We went to gather blueberries from East Tx yesterday.
No,not here.


The blueberries came all the way from Blueberry Hill Farms in Edom, TX, but we only had to drive to Richardson. It was all a bit clandestine - people coming and going from a non-descript office building under the DART tracks to get their berry fix. Well worth it though, we got to savor the results of a trip to the berry farm with no bending and reaching in the hot sun, no extra miles on the car and no delivery charges. Only $20 for a huge gallon bag of hand picked the same day, fresh, organic, juicy, wonderful berries. They said they'll be back with more (let me know if you want some - I can hook you up).

Bluberries growing on the city sidewalk!

Picked fresh!

We have gone to pick our own blueberries for a few summers now, but it didn't look like we were going to make it this year. I was so excited when I received the email that the berries would be coming to us instead.  

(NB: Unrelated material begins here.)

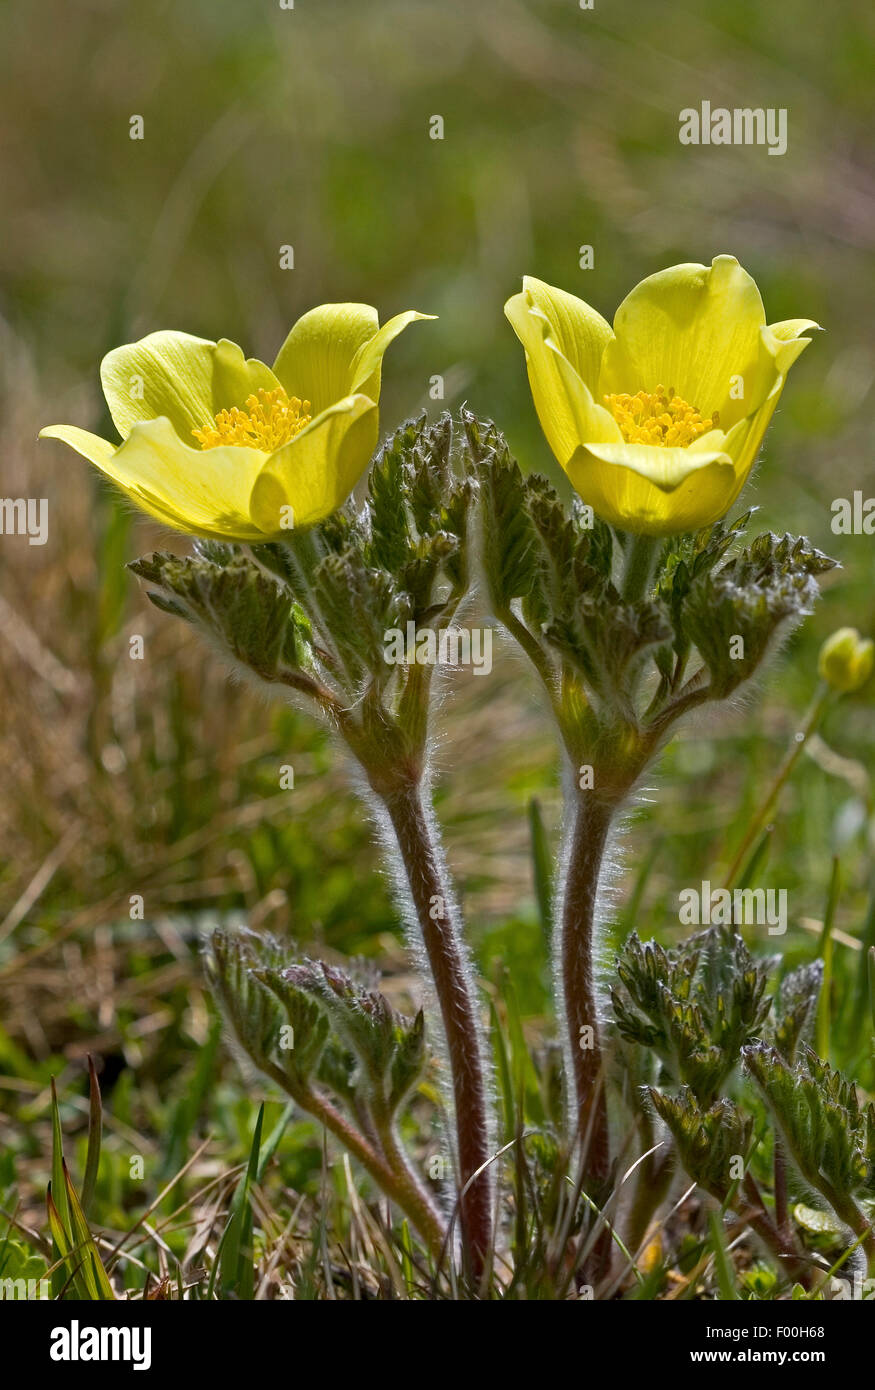 Alpine anemone, Yellow alpine anemone (Pulsatilla alpina ssp. apiifolia, Pulsatilla apiifolia), flowers, Germany Stock Photo

Claire made us a pie for breakfast!

10 July 2010

Pet Food Crisis

This morning we were out of dog food. And chicken food. And now cat food. The humans are in big trouble. A trip to the pet store and feed store is in our very near future, but in the meantime, I had to get creative with the snacks. The dogs had salad which was accepted eagerly, although some was put on the floor to be sorted through.

The chickens also had salad; they were very happy at this news. These used to be the ends of a watermelon. Chickens like watermelon.

The cats got lucky and polished off the last pouch of moist food in the cupboard (it was actually puppy food, but don't tell anyone).
I'd best be off to stock up before there's a mutiny at dinner time!

05 July 2010


There's nothing like a hurricane to put some excitment into a trip to the beach. A week or so before we planned to head down to the South Texas coast to Rockport, a large mass of clouds appeared in the weather forecast. Pretty soon these clouds were named Alex. One of the storm tracking models put landfall right on top of us. We weren't going to let that discourage us so off we went. The first few days of vacation included plenty of time watching the Weather Channel. The day before the storm hit, things got wild.
This is the bay coming over the sea wall. Note the electrical transformer in the foreground. We'll discuss it later.
Being the adventurous types, we found it necessary to go out for a drive during all of this. When we came home, the garage door didn't open. (This was the first clue). Perhaps it was stuck. The quiet house, lacking the hum of the air conditioner and refrigerator confirmed the real story - the power was out. It was still light so we were not concerned, surely it will come back on soon. At dusk we decided to look for flashlights. No. Back to the HEB. After a lovely candlelight dinner off the grill (aha, not electric) we called it a night.
I opened one eye in the morning to search for small red lights on various plugged in things. No. House still quiet. Coffee maker requires electricity - not good. Maybe it will be back on when we return from the restaurant. No. Whoever decided that it was a good idea to install a transformer five feet from the bay was not planning ahead. This is a coastal town where there might be some expectation of high waves. The guys who were out all night working on it agreed that it was not such great planning. Thanks to their hard work, the power finally came on. 24 hours after going off.   
Alex ended up as a category 1 hurricane that hit about 250 miles south of us. The outer bands of the storm were quite large and covered a huge area. The high water and flooding was extensive.